Clinton Portis è stato oggi ufficialmente rilasciato dai Redskins. La notizia non sorprende dal momento che nei giorni scorsi era stata largamente preannunciata. Per i Redskins, in qualche modo, è la fine di un'epoca. Portis ha giocato per i Redskins per sette stagioni, non di rado su livelli altissimi. Le dichiarazioni al momento dell'ufficialità della mossa dei Redskins sono state di riconoscenza nei confronti di Shanahan e Snyder:

"Essere stato un Redskin è stata una cosa speciale della mia vita. Sono arrivato e rimasto in questa franchigia ove, da ragazzo che si divertiva, sono divenuto uomo in grado di assumersi responsabilità. Ho cercato di reggere il peso sulle spalle per il coach Gibbs ed i fans dei Redskins"

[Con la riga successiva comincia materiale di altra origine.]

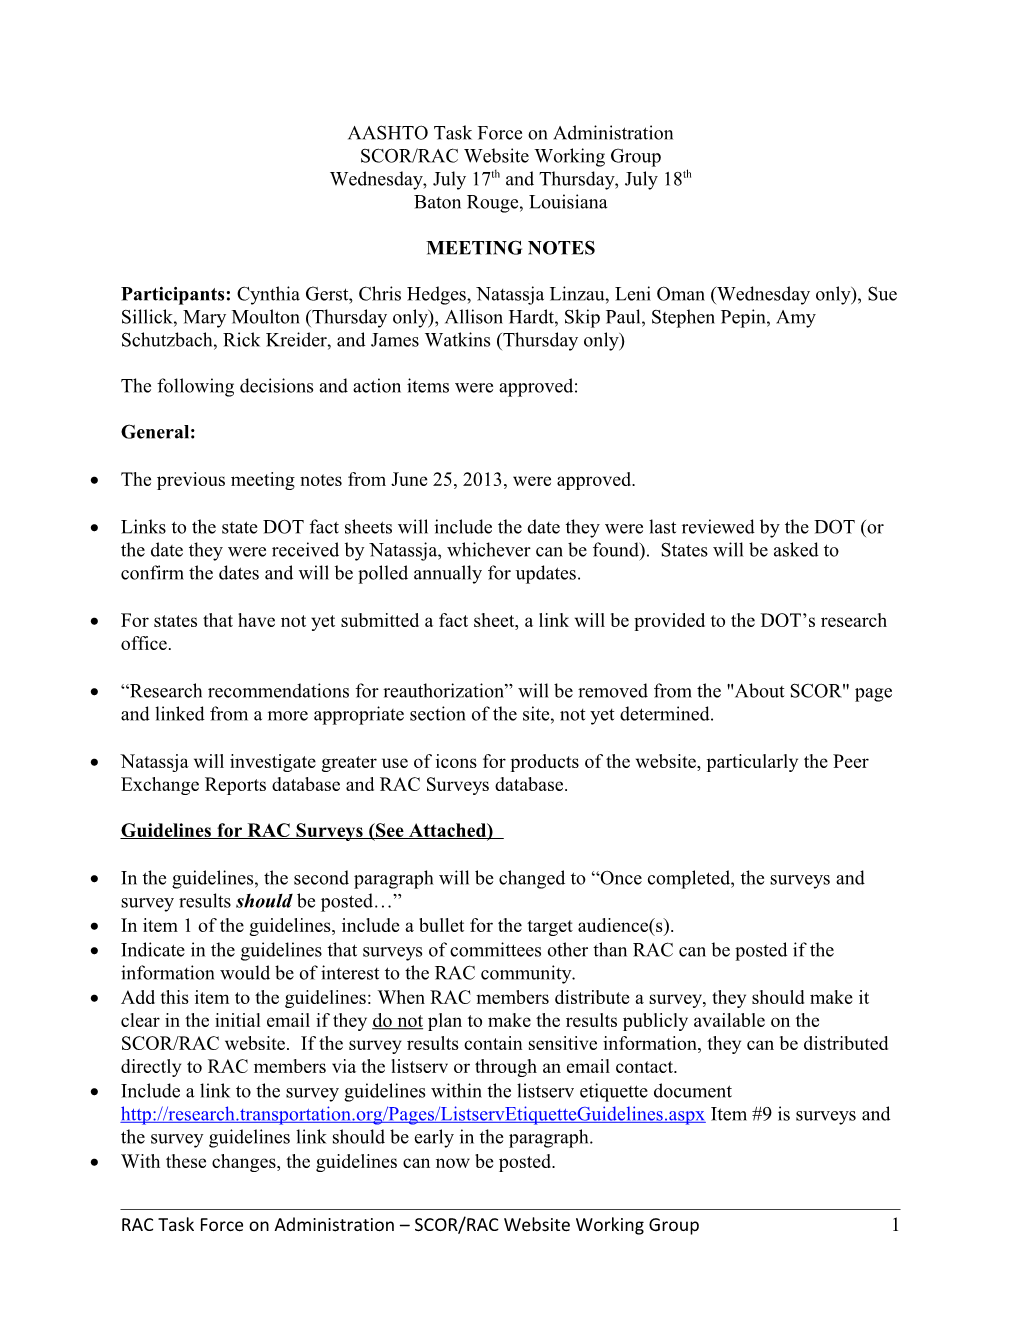 Admin TF Web Subcommittee Meeting Notes: July 17 and 18, 2013

La mossa dei Redskins infonde respiro alle loro finanze. A Portis erano dovuti 25 milioni di dollari nei prossimi tre anni. Oggi trentenne, talvolta eccentrico e prima donna fuori dal campo di gioco, Portis lascia Washington come secondo uomo di sempre (per i Redskins) in termini di yards corse, sole 648 yards in meno del primatista, John Riggins. Esattamente 2.230 le volte in cui a Portis è stata affidata la pala per correre, correre, correre, correre.


venerdì 25 febbraio 2011

ANCHE I PELLEROSSA DIVORZIANO


McNabb-Shanahan
un matrimonio fallito prima di cominciare

Non è stato un anno facile per i Redskins. Shanahan, giunto com'è naturale che sia visti i trascorsi a Denver, tra grandi aspettative, si è trovato a fare i conti con giocatori rinomati che ne hanno tuttavia mal digerito i metodi di lavoro. Su tutti, Albert Haynesworth (ne abbiamo scritto in post precedenti) e Donovan McNabb. Quelle che avrebbero dovuto essere, nelle intenzioni della dirigenza e del tecnico, le colonne portanti della rifondazione Redskins (quanto meno nel breve periodo vista la loro età), si sono rivelate problemi per la squadra. Oggi, per la prima volta da tempo, l'agente di Mcnabb e Shanahan hanno avuto una "great conversation", così ha testualmente riferito Shanahan, il quale tuttavia ha aggiunto che le parti "lasceranno che le cose prendano cura di loro stesse".  Parole eloquenti che tuttavia non suonano sorprendenti: il rilascio di McNabb giunge infatti all'esito di una stagione in cui tra il QB ed il proprio coach è radicalmente mancata sintonia al punto che Shanahan (tra il malumore dei restanti giocatori)  nella scorsa stagione, a dicembre, ha persino lasciato in panchina il QB starter (annunciando la mossa pubblicamente) in luogo del meno rinomato Grossman, dopo che, solo un mese prima, a novembre, nell'incontro con i Lions, aveva sostituito Mcnabb ad 1:50 dalla fine, giustificando poi la sostituzione sulla base della "convinzione" che Mcnabb fosse meno adeguato di Grossman ad affrontare i minuti finali di gioco (la scelta fu al punto clamorosa che da parte di taluni venne persino avanzato il sospetto che Shanahan fosse "razzista" dal momento che con un QB bianco mai, si disse, si sarebbe azzardato a comportarsi in quale modo).